◆ What to produce ◆
An exact transcription is needed, starting with the line that contains "bet365 Promo Code" and ending with the last line of the records.

--- START ---

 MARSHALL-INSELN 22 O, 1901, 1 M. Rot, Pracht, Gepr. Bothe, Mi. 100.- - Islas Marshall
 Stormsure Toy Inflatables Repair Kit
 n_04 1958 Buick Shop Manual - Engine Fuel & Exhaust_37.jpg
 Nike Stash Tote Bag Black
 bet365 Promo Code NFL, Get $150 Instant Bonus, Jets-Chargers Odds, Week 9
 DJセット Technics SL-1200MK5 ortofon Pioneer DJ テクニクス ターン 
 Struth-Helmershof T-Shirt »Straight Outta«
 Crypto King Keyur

--- END ---

◆ Finished exercise ◆
 bet365 Promo Code NFL, Get $150 Instant Bonus, Jets-Chargers Odds, Week 9
 DJセット Technics SL-1200MK5 ortofon Pioneer DJ テクニクス ターン 
 Struth-Helmershof T-Shirt »Straight Outta«
 Crypto King Keyur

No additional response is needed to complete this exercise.